Motor neuron disease is a chronic progressive neurodegenerative disease with unexplained motor neuron cytopenia and apoptosis.

Motor neuron disease (MND) is a group of chronic, progressive neurodegenerative diseases of the anterior horn cells of the spinal cord, motor neurons of the brainstem, pyramidal cells of the cortex, and pyramidal tract of the spinal cord by unknown choice.

Visiting the department. Neurology.

Synonyms: amyotrophic lateral sclerosis, Charcot disease, Lou Gehrig's disease, clinical symptoms of ALS.

Upper and lower motor nervous system involvement is the main manifestation.

In addition to motor dysfunction, the hazard also affects respiratory, visual, cognitive, language and other functions, affecting life expectancy.

Complications, respiratory failure, etc.

Examinations: cerebrospinal fluid examination, electromyography, muscle biopsy, MRI, etc.

Diagnosis is based on history and neurological examination.

**Principle. Give neuroprotection and support as early as possible**.

**Sexual disease is progressive and cannot be a**.

Dietary advice. Dietary conditioning focuses on increasing nutrition to enhance physical fitness; Avoid tobacco and alcohol.

Important Reminder. Although the disease is still a non-avoidable disease, there are many ways to improve the quality of life of patients. It should be diagnosed early, early**, and survival should be prolonged as much as possible.

The human nervous system is composed of neurons, among which motor neurons are responsible for motor function. A group of diseases in which motor neurons are damaged and progress, known as motor neuron disease (MND), are known as motor neuron disease (MND).

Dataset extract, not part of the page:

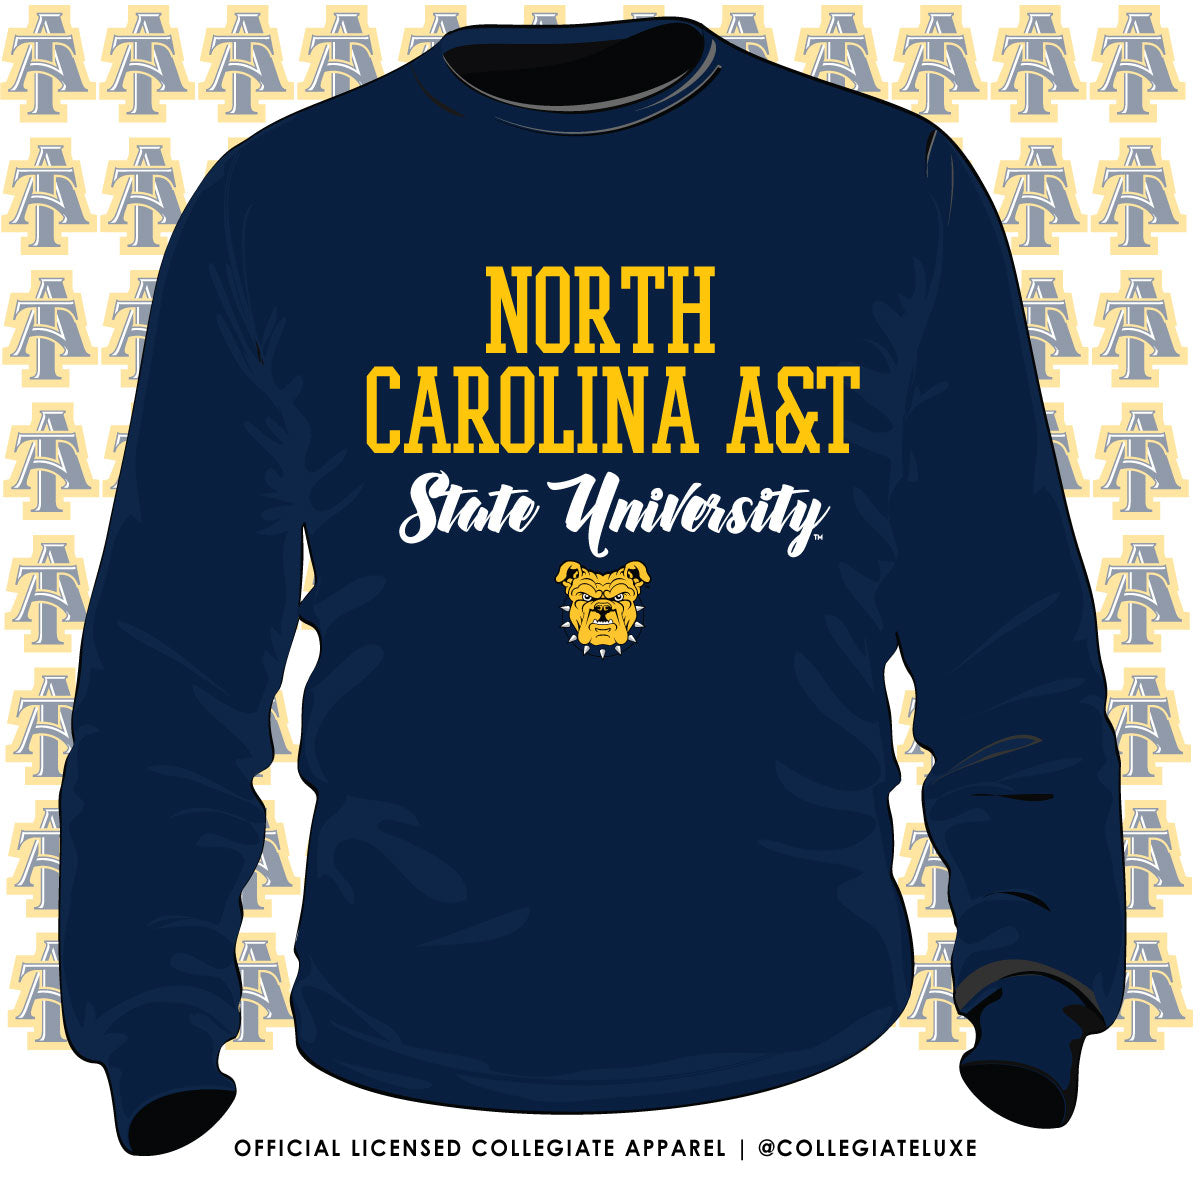 NC A&T AGGIE | 2020 Univ. Navy Unisex Sweatshirt (DK)
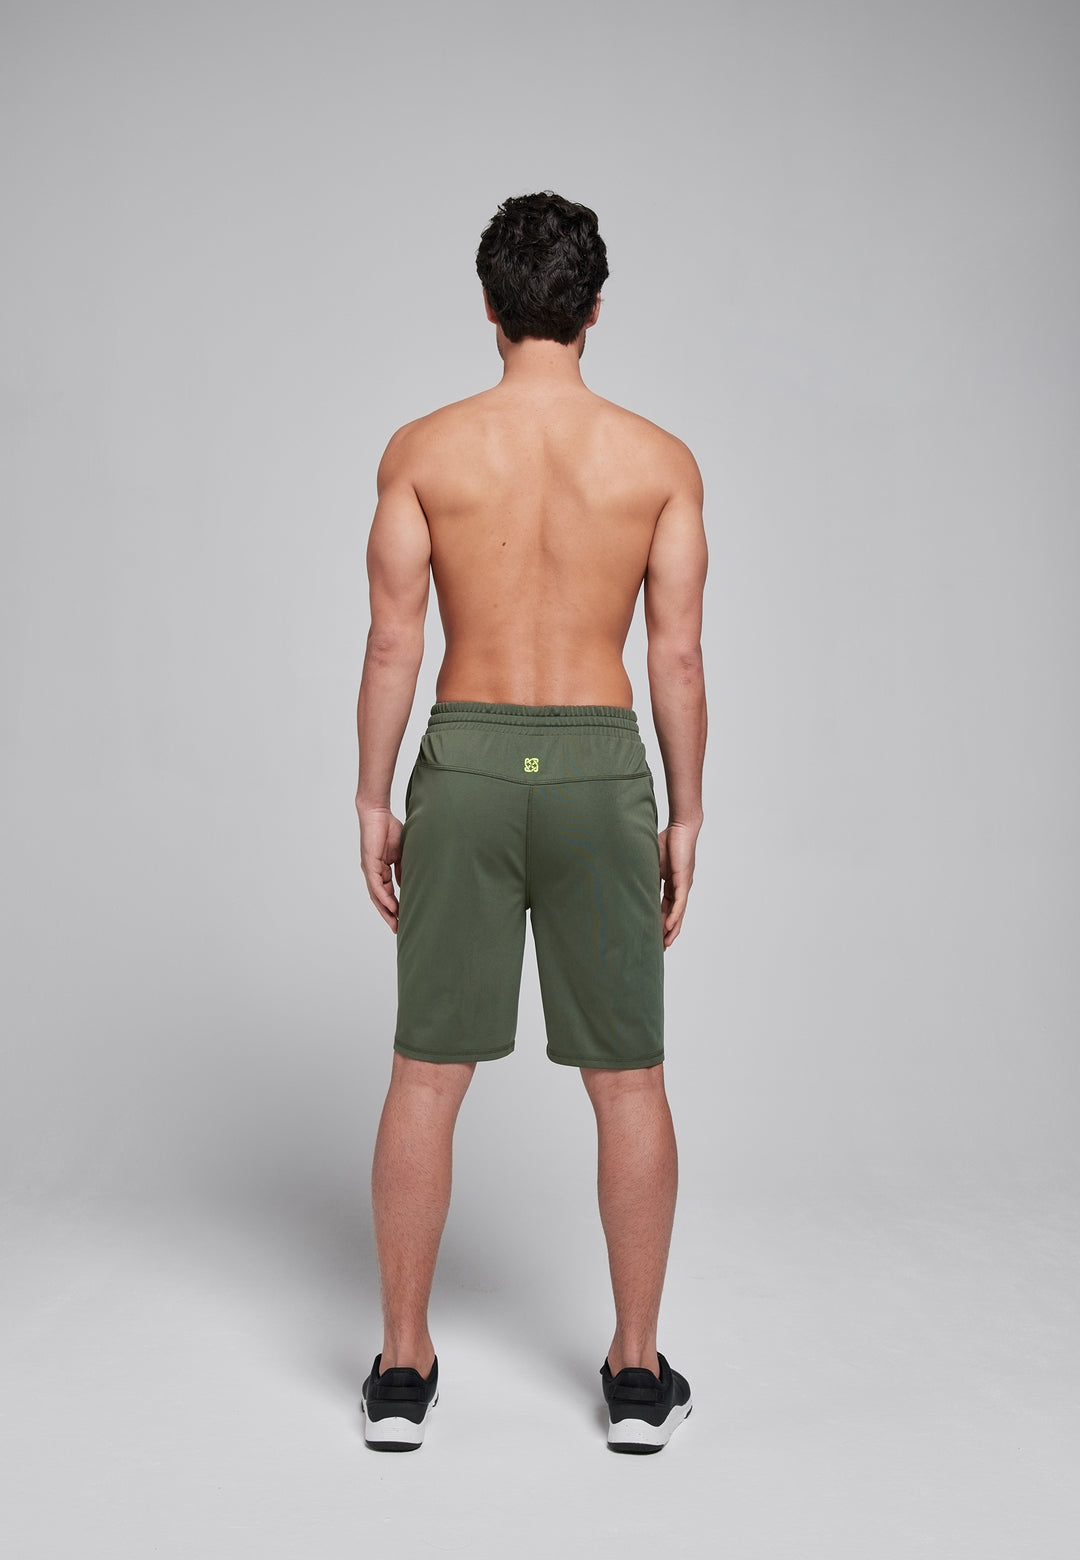 Men's sports shorts - sustainable

Amyotrophic lateral sclerosis.

ALS, also known as ALS), progressive bulbar palsy, primary lateral sclerosis, and progressive amyotrophy.

Motor neuron degenerative disease is a chronic neurocannibalization disease, which is difficult to heal in the later stage of the disease, and when the disease is severe, it can invade the anterior horn cells of the spinal cord and the nerve nucleus of the brainstem and the pyramidal cells of the motor cortex of the brain, resulting in dyspnea, dysphagia and life-threatening, about 5%-7% of patients are caused by abnormal genetic immunity or viral infection. The remaining patients** are unknown, but have been reported to be related to heavy metals, chemical poisoning, and the surrounding environment.